— А я, — сказал доктор Штальман, — был единственным ребенком этой супружеской пары, олицетворявшей все самое прекрасное в том мире и в те времена. Они всей душой любили меня. Ухаживали за мной, как за хрупкой орхидеей. Специальные учителя английского и древнегреческого. Лучшие преподаватели танцев, лучшие тренеры по фехтованию, лучшие проводники и инструкторы по альпинизму. Всегда перед глазами — самые высокие примеры. Сдержанные похвалы. Я был звездой своей гимназии, прекраснейшим плодом нашей культуры.

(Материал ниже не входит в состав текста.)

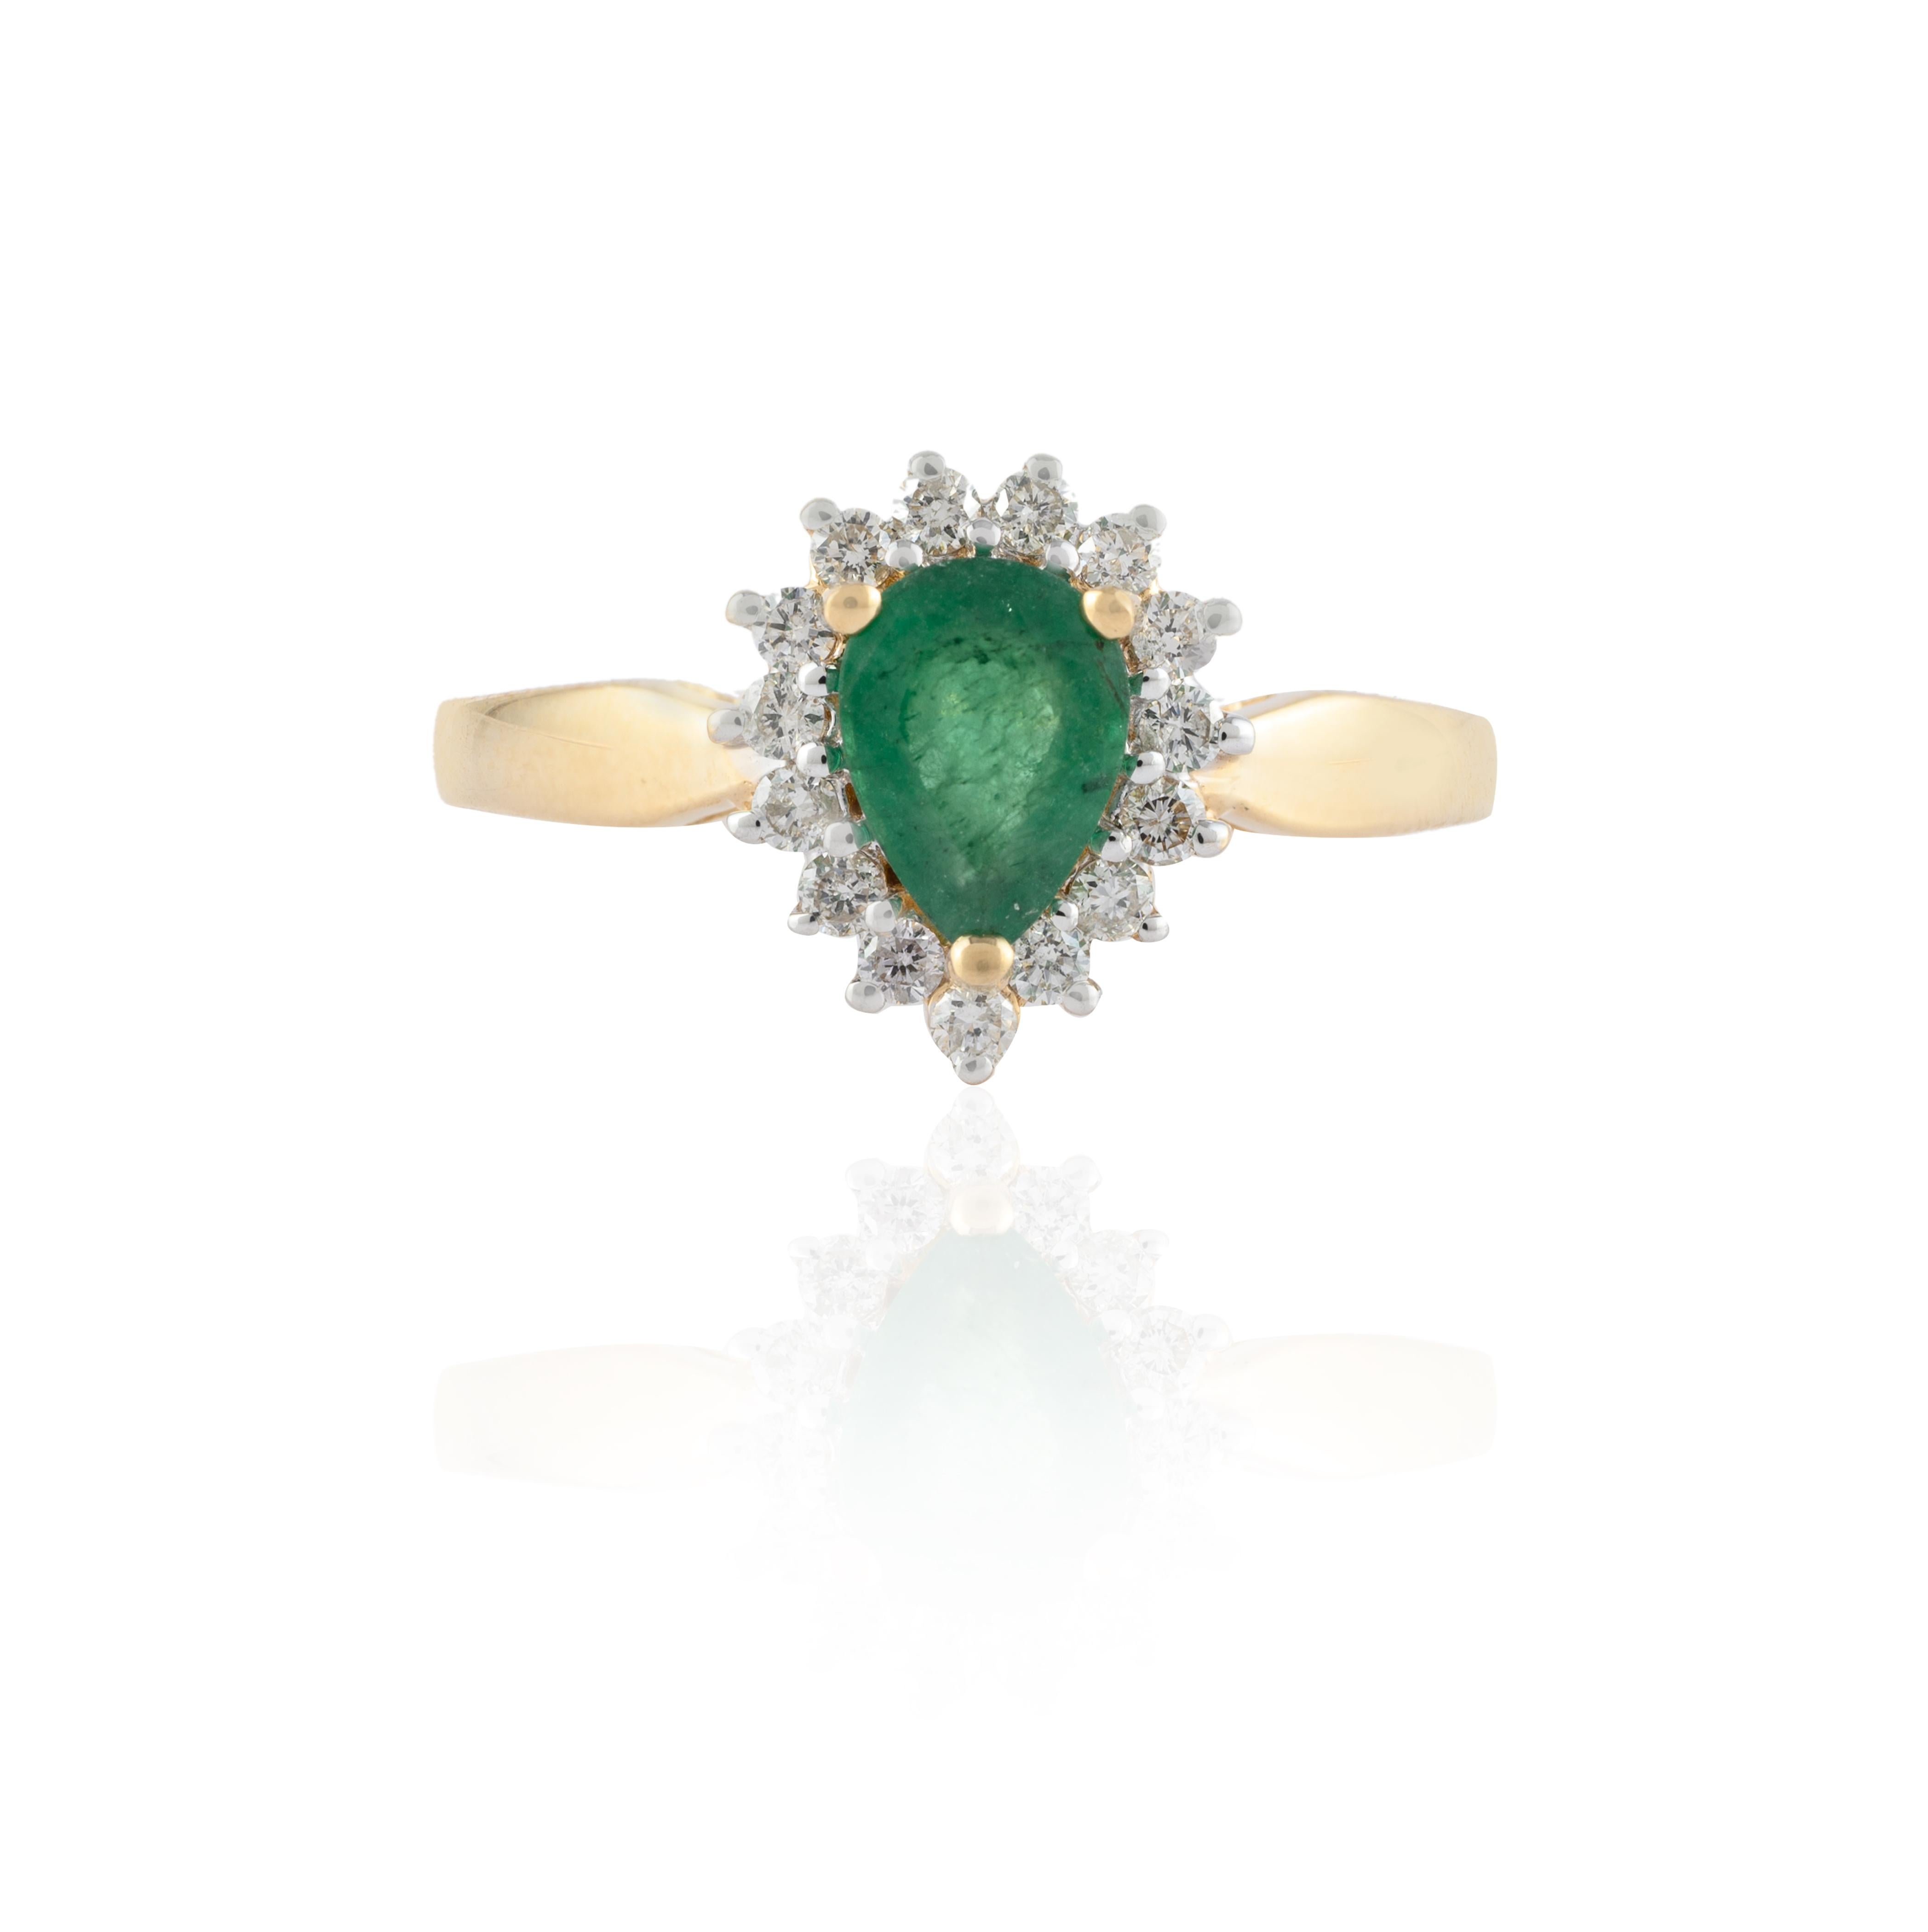 For Sale:  Pear Cut Emerald and Halo Diamond Wedding Ring Crafted in 14k Solid Yellow Gold 2

Так уж было мне на роду написано.
Он вдруг встал, взял бутылку и не спеша налил себе еще коньяку. Стоя с рюмкой в одной руке и бутылкой в другой, он посмотрел на меня.
— О да! — сказал он. — Мы верили в культуру! В высокую миссию Германии. И я в это верил. Конечно, по молодости лет, с легким розовато-социалистическим налетом. Это была…

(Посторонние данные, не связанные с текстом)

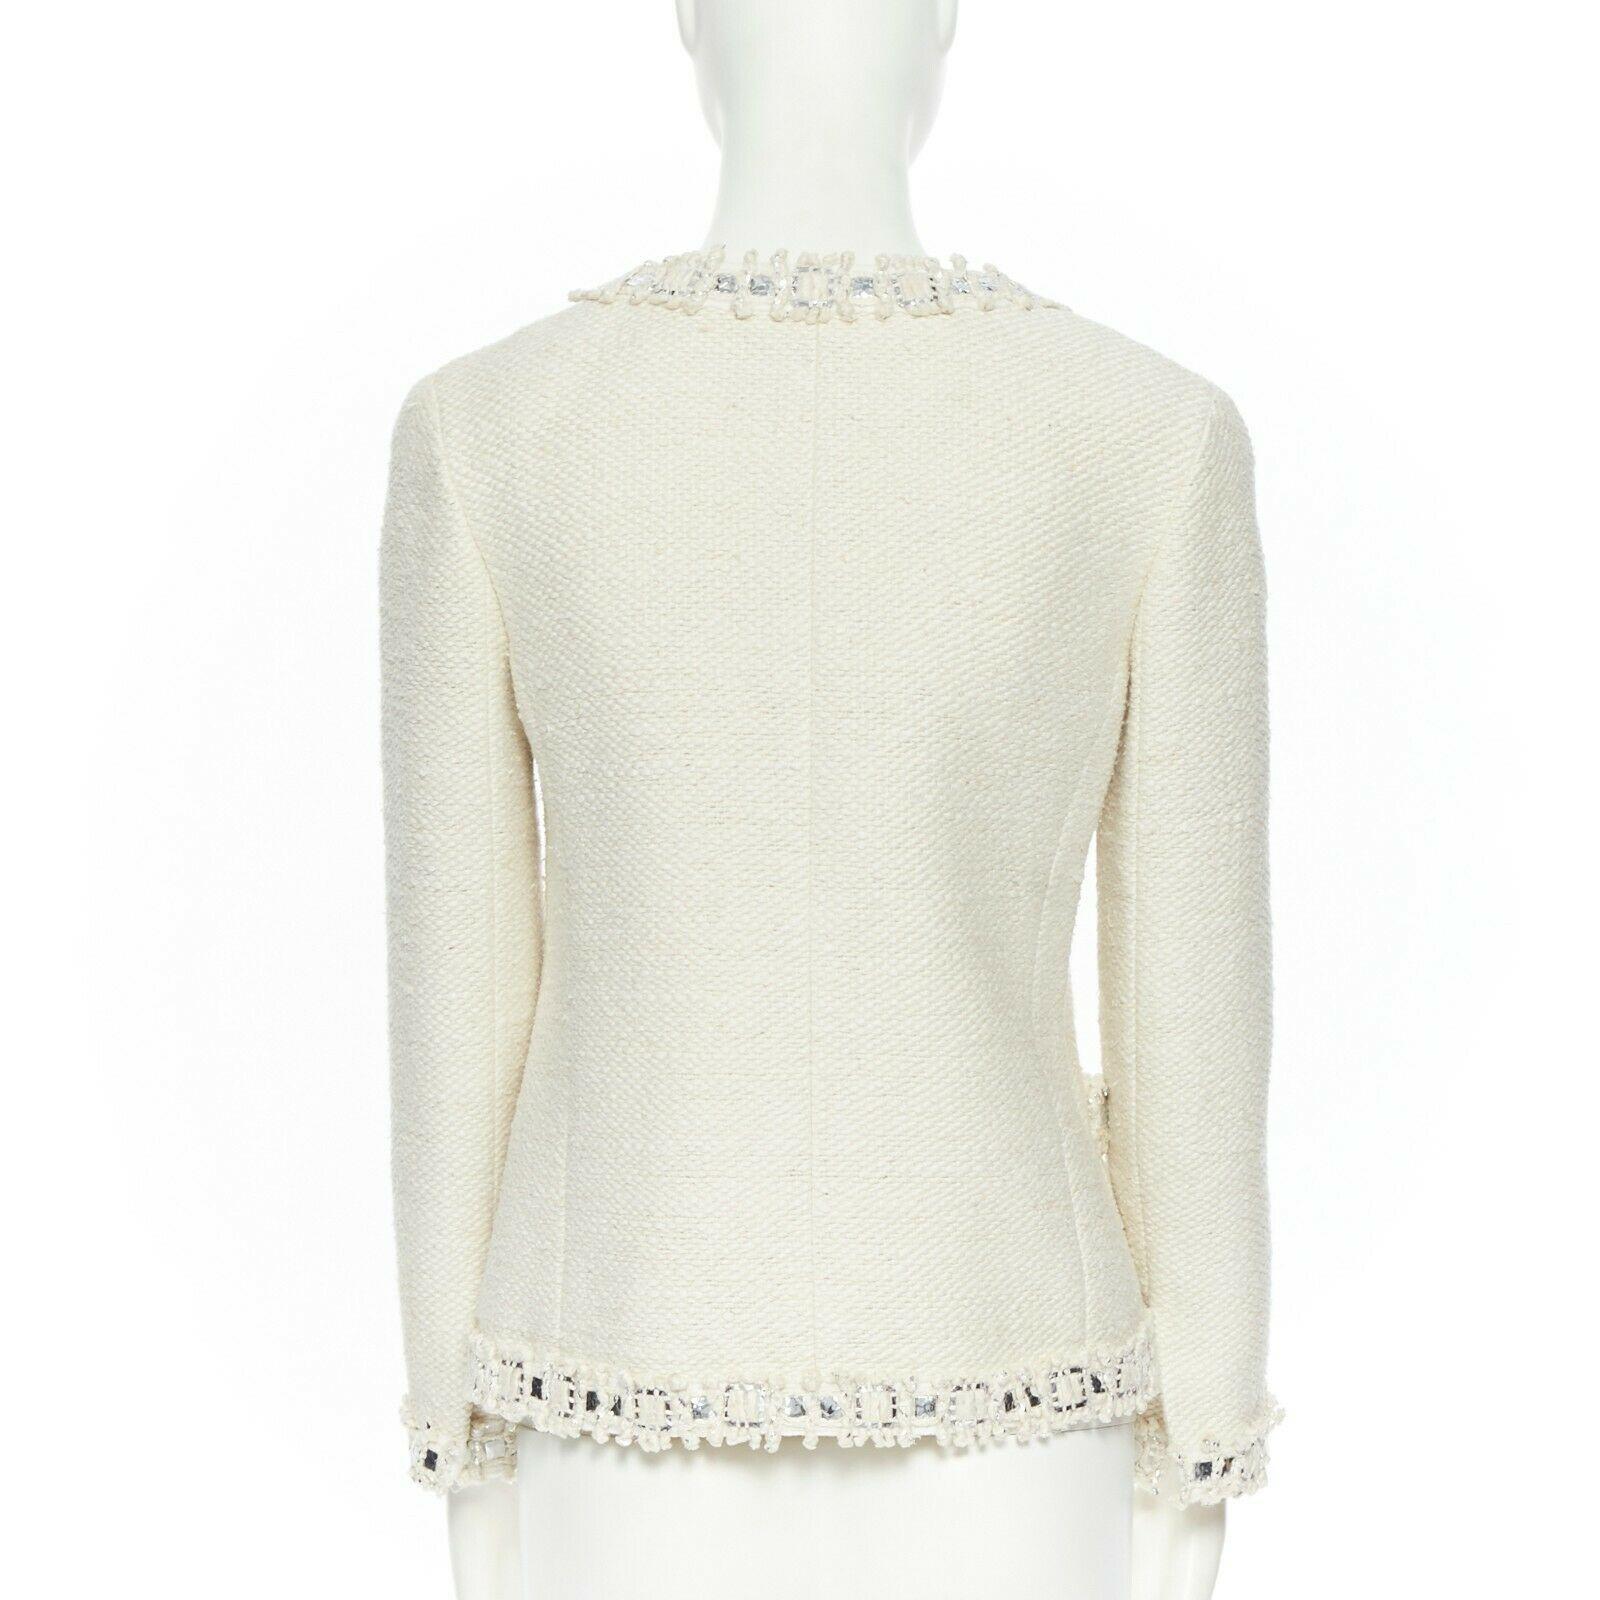 CHANEL classic cream white metallic sequins mixed trimmings tweed jacket FR36 S 3

Он снова поднял рюмку, но не понюхал, а сделал большой глоток.
— Это была прекрасная мечта.
Он поставил бутылку на столик и стоял, пристально глядя на меня сверху вниз.
— Знаете, где ко мне пришло пробуждение? — спросил он таким тоном, как будто был чем-то рассержен.
— Нет, — ответил я.
— На бойне, — сказал он.
— Где-где?
— На Сомме.
Он очень медленно снова уселся в кресло. Меня поразила странная скованность этого движения — он как будто мгновенно постарел. На висках у него блестели капельки пота.
— Но все же… — начал он и остановился.
Я молча ждал.
— Но все же человеку нужна какая-то мечта, — сказал он. — Без нее жить невозможно. Даже если это на худой конец мечта о том, чтобы жить, не имея мечты.
Он откинулся на спинку кресла, глядя в потолок.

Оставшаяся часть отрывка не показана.